For his part, Colm helped his father when able. The hope was that someday soon Colm would apprentice with his father, and then would be able to take over the family cobbling business when Rove Candorly was no longer able. Colm was certainly nimble fingered enough for the cobbler’s trade, lithe and lanky like his sisters, adept at picking up and tinkering with small objects. Colm was obviously cut out for finer work than farming or blacksmithing; his frame and mind-set called for something requiring concentration and dexterity. The problem was, he had absolutely no interest in shoes. He would stand at his father’s workbench thinking only of the nasty, noxious, boil-crusted feet that the shoes were pried off from, and his stomach would churn. Colm’s father had lost his sense of smell long ago.
Yet Colm knew he shouldn’t complain.

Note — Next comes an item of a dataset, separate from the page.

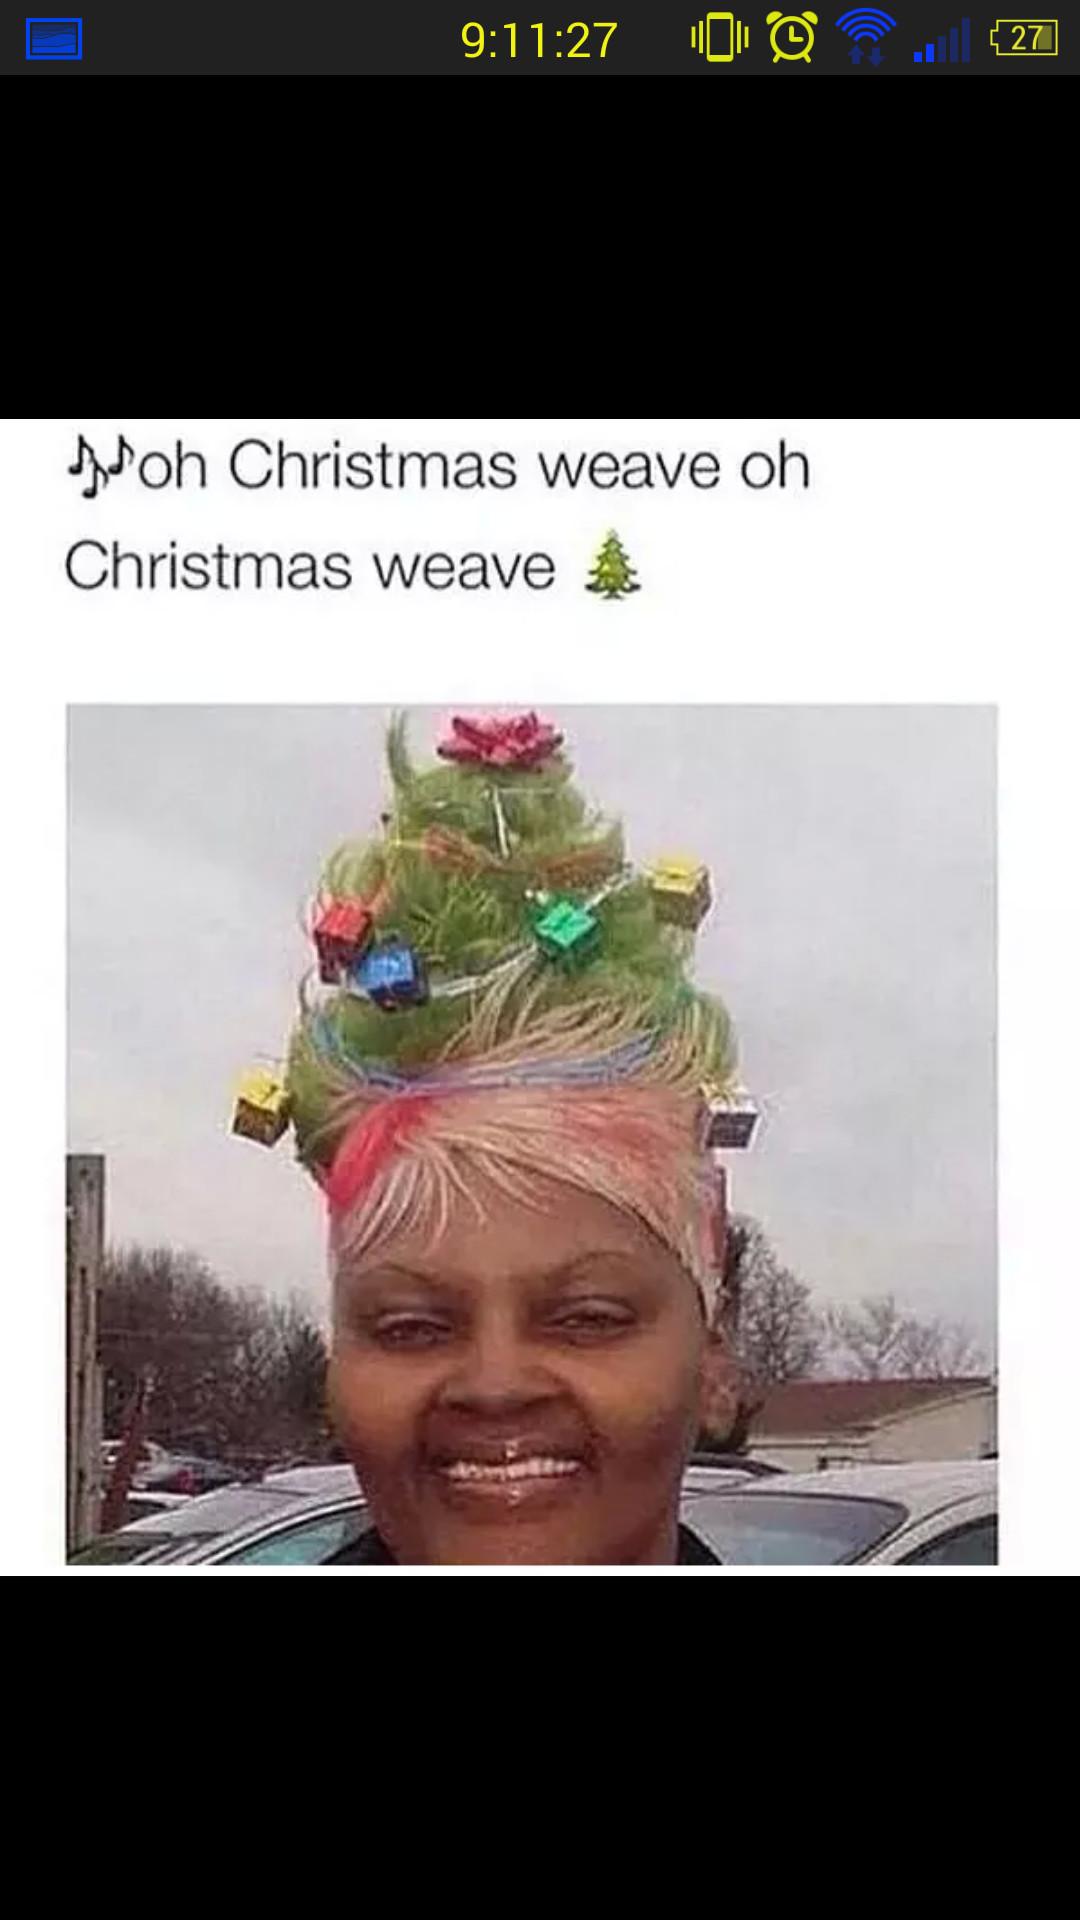 Wonder where she puts the mistletoe? - Meme by hunke :) Memedroid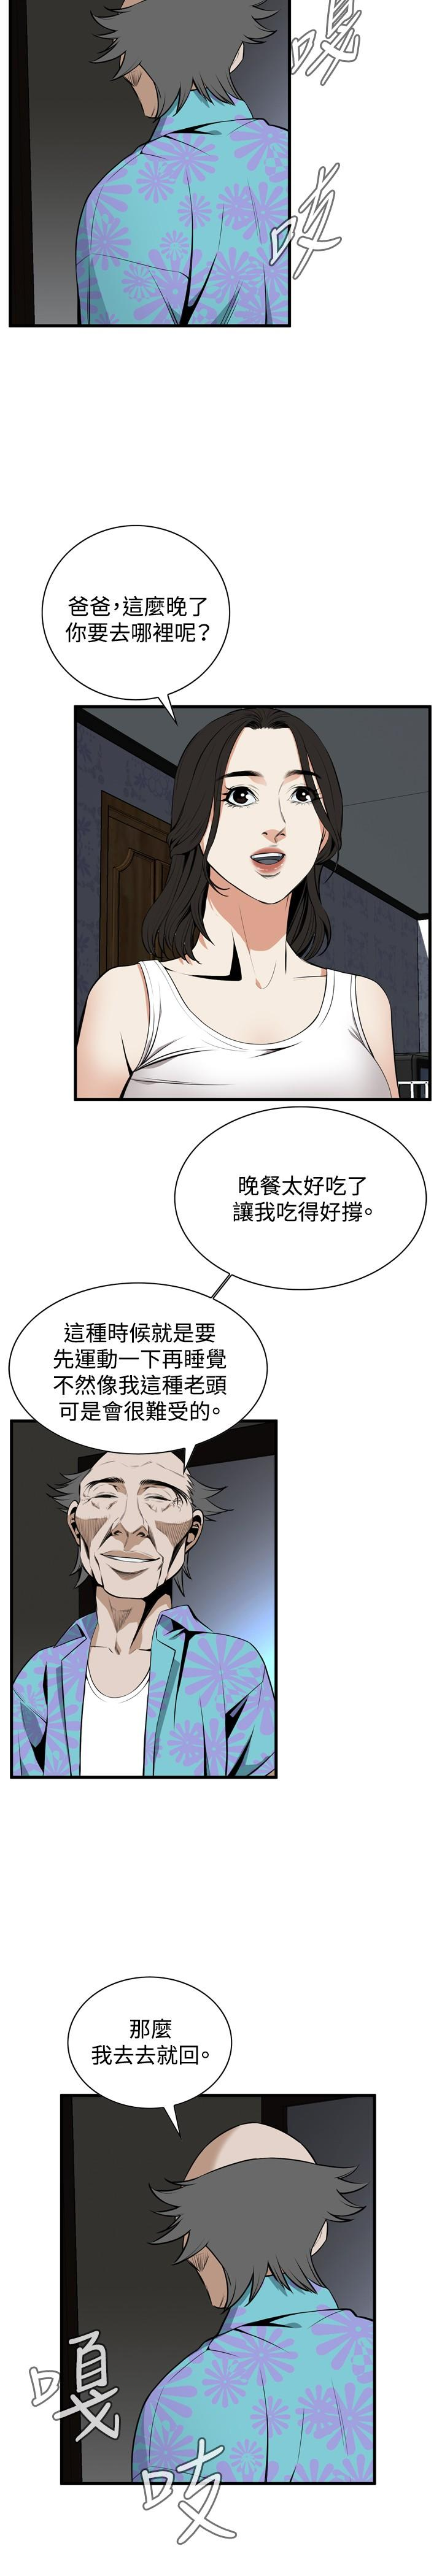 Take a Peek 偷窥 Ch.39~55 [Chinese]中文 141

His parents were doing their best. There were many nights when he would sit and listen to them pooling the family’s earnings, counting coin by coin. Often necessities turned into luxuries. Some nights Celia would sneak into his room and the two of them would eavesdrop, cheeks pressed to the wood door, eyes on each other, listening to the clink of copper on copper, followed by his father’s gruff resignation.
“I think we might have to do without sugar this week,” Rove Candorly said one night after they’d sent Colm and the girls to bed and Celia had tiptoed down the hall into Colm’s closeted space.
“Cally will be disappointed,” Mina Candorly replied. “I suppose we can send the girls to gather honey, though you know how Celia feels about bees.”